On Fri, Jul 09, 2021 at 10:06:18AM -0400, Tom Lane wrote:
> Noah Misch <noah@leadboat.com> writes:
> > On Sat, Jul 03, 2021 at 06:44:20PM -0400, Tom Lane wrote:
> >> That'd require buildfarm owner intervention, as well as intervention
> >> by users. Which seems like exporting our problems onto them. I'd
> >> really rather not go that way if we can avoid it.
>
> > I like that goal, though we'll have to see how difficult it proves. As of
> > today, a GNU/Linux user building against static OpenLDAP will get a failure,
> > right? That would export work onto that user, spuriously.
>
> As a former packager for Red Hat, my response would be "you're doing it
> wrong". Nobody on any Linux distro should *ever* statically link code
> from one package into code from another, because they are going to create
> untold pain for themselves when (not if) the first package is updated.
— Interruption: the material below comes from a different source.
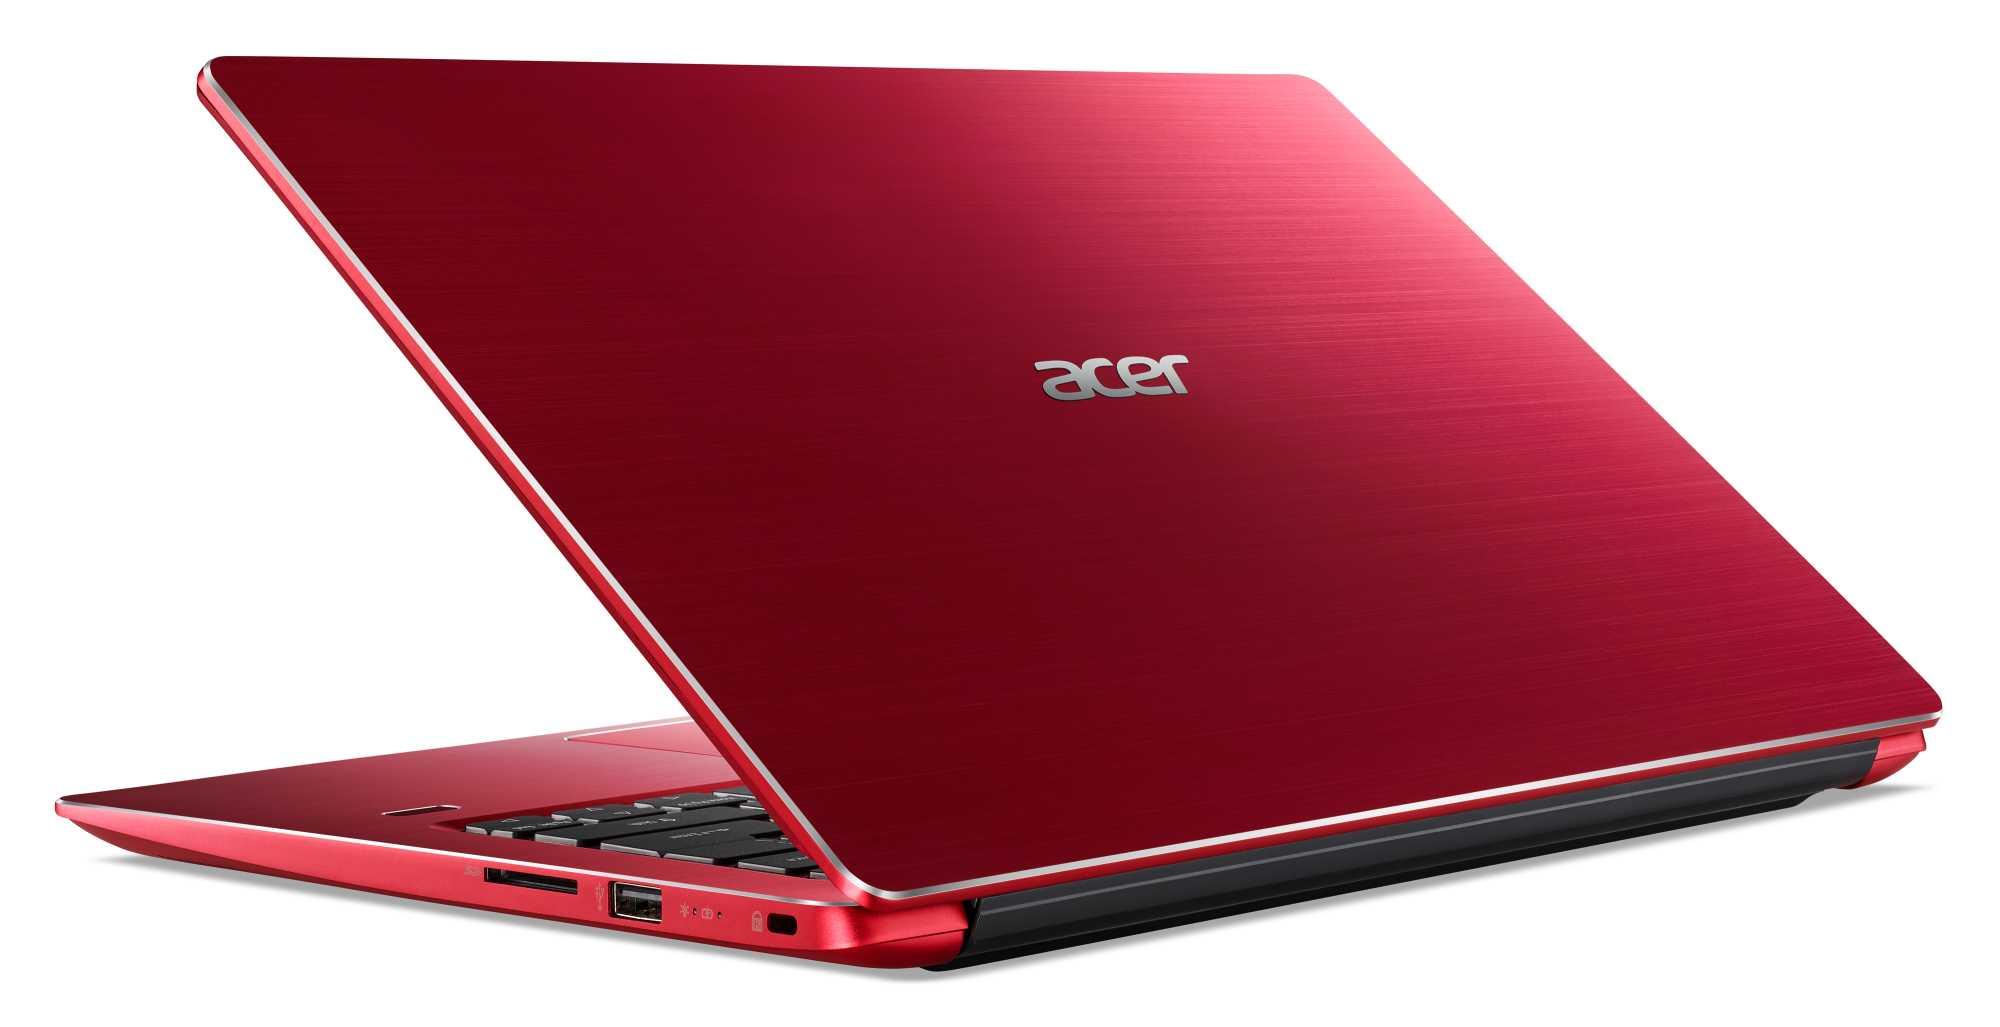 Das Acer Swift 3 gibt es in der 14-Zoll-Variante in mehreren kräftigen Farbtönen.

> So I flat out reject that as a valid use-case.
>
> It may be that that ethos is not so strongly baked-in on other platforms.
Packagers do face more rules than users generally.
> But I'm content to wait and see if there are complaints before rescinding
> the automatic test; and if there are, I'd prefer to deal with it by just
> backing off to running the test on Linux only.
Okay.
> > We'd get something like 95% of the value by running the test on one Windows
> > buildfarm member and one non-Windows buildfarm member.
>
> True. But that just brings up the point that we aren't running the test
> at all on MSVC builds right now. I have no idea how to do that, do you?
I don't. But coverage via non-MSVC Windows is good enough.
> > ... A strategy not having either of those drawbacks would be to skip
> > the test if libpq.so contains a definition of libpq_unbind().
>
> I assume you meant some OpenLDAP symbol?
Yeah, that was supposed to say ldap_unbind().